I am guessing I should be "ok" with clearance, but my question is wether or not that big of a scope is the best option for the intended job (field archery). I know most equipment choices are a personal preference thing that will vary from one person to the next. From the little bit of shooting that I have done so far with my Sword sight and scope which is also 1 5/8", the lens does seem huge to me, which is why I was looking at the smaller scopes before I got talked into the larger one because the guy selling it made me a good deal on the whole package. I guess what I need to decide is wether I give the big scope a chance when it gets here or plan to get something else from the get go...


----------



## Brown Hornet (Aug 8, 2002)

I personally wouldn't use a scope that big for field or FITA simply because you don't need it to see the target....3D maybe yes but not field.
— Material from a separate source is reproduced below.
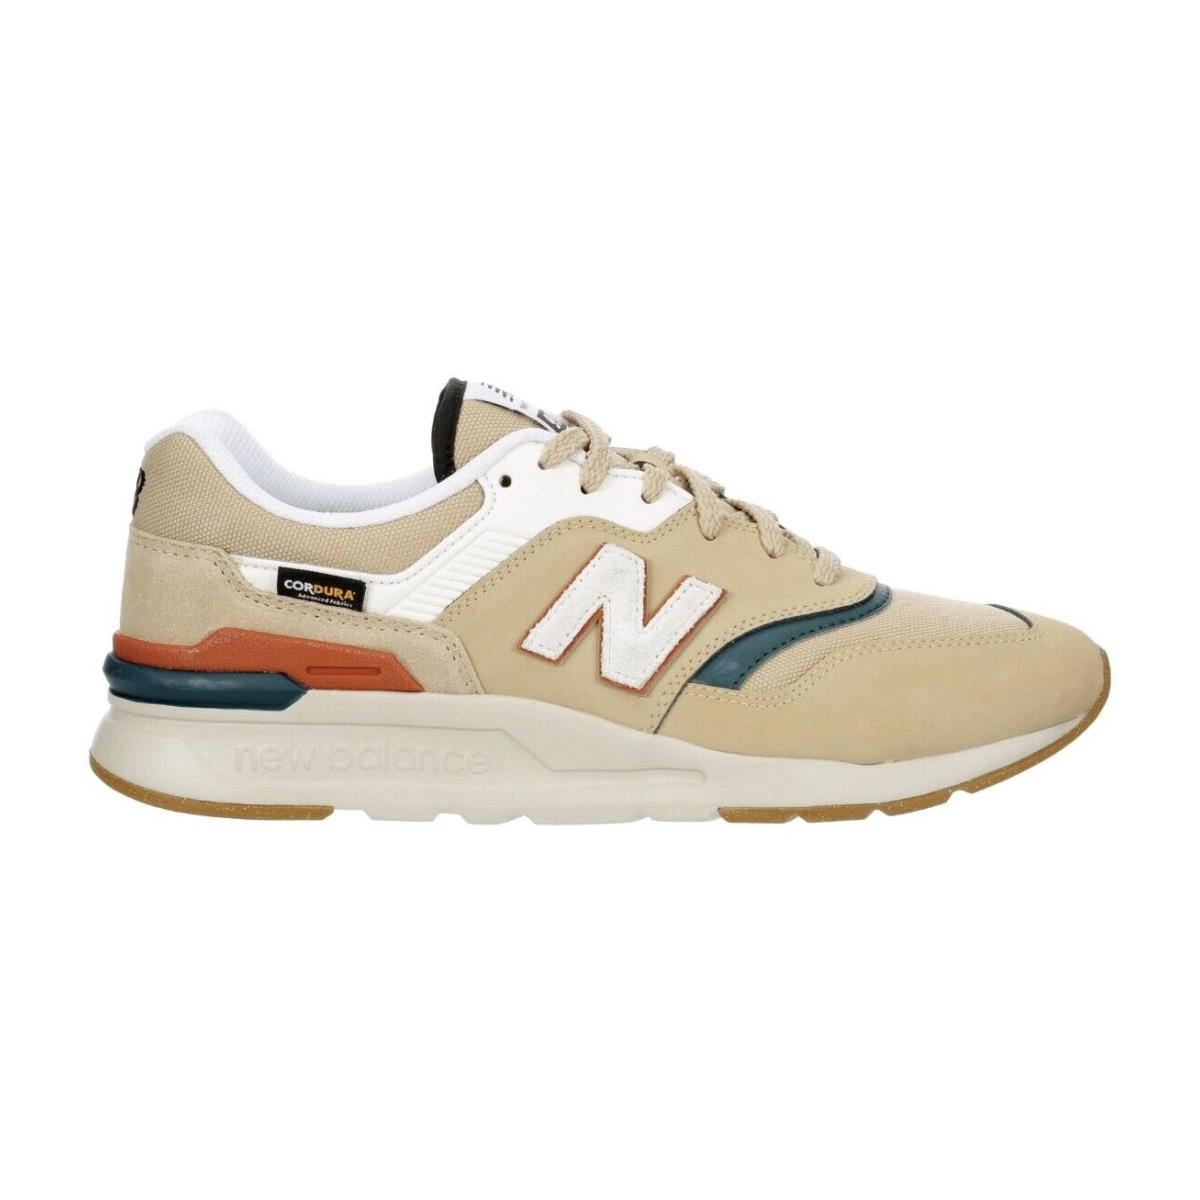 New Balance 997H Cordura Men`s Suede Athletic Running Casual Fashion Shoes OFF-WHITE/Sand

You simply don't need that much FOV


----------



## golfingguy27 (Oct 15, 2008)

Brown Hornet said:


> I personally wouldn't use a scope that big for field or FITA simply because you don't need it to see the target....3D maybe yes but not field. You simply don't need that much FOV


I agree from my limited experience so far.. I am 99.9% sure it will be for sale as soon as it gets here. That being said, I asked BG in a PM already, but what are your suggestions for smaller scopes/lenses without breaking the bank? I am hoping to stay under say $170 or so for both if I can do that without getting junk I won't be happy with...


----------



## Brown Hornet (Aug 8, 2002)

You can stay way under $170....

CR Apex Target Housing with a Feather Vision Verde lens for $135. 

Just a housing is $60 I may have a spare DY 4X lens around here some place that you can use :wink: Yankee may have a few left also.


----------



## golfingguy27 (Oct 15, 2008)

oh, and one more variable to add to the original question.. is it safe to assume I want the 37* string angle and not the 45*? 37" ata and 27" draw....


----------



## BOWGOD (Aug 11, 2004)

golfingguy27 said:


> oh, and one more variable to add to the original question.. is it safe to assume I want the 37* string angle and not the 45*? 37" ata and 27" draw....


Actually you want the 45.


----------



## golfingguy27 (Oct 15, 2008)

BOWGOD said:


> Actually you want the 45.


doah.... glad I asked then!


----------



## BOWGOD (Aug 11, 2004)

golfingguy27 said:


> doah.... glad I asked then!


Wouldn't have made much difference. Based on the chart you, and I fall right on the line, but the chart says 45.


----------



## Brown Hornet (Aug 8, 2002)

I actually used the one for the short bows on my PE with 3000s last year....it wasn't an issue. 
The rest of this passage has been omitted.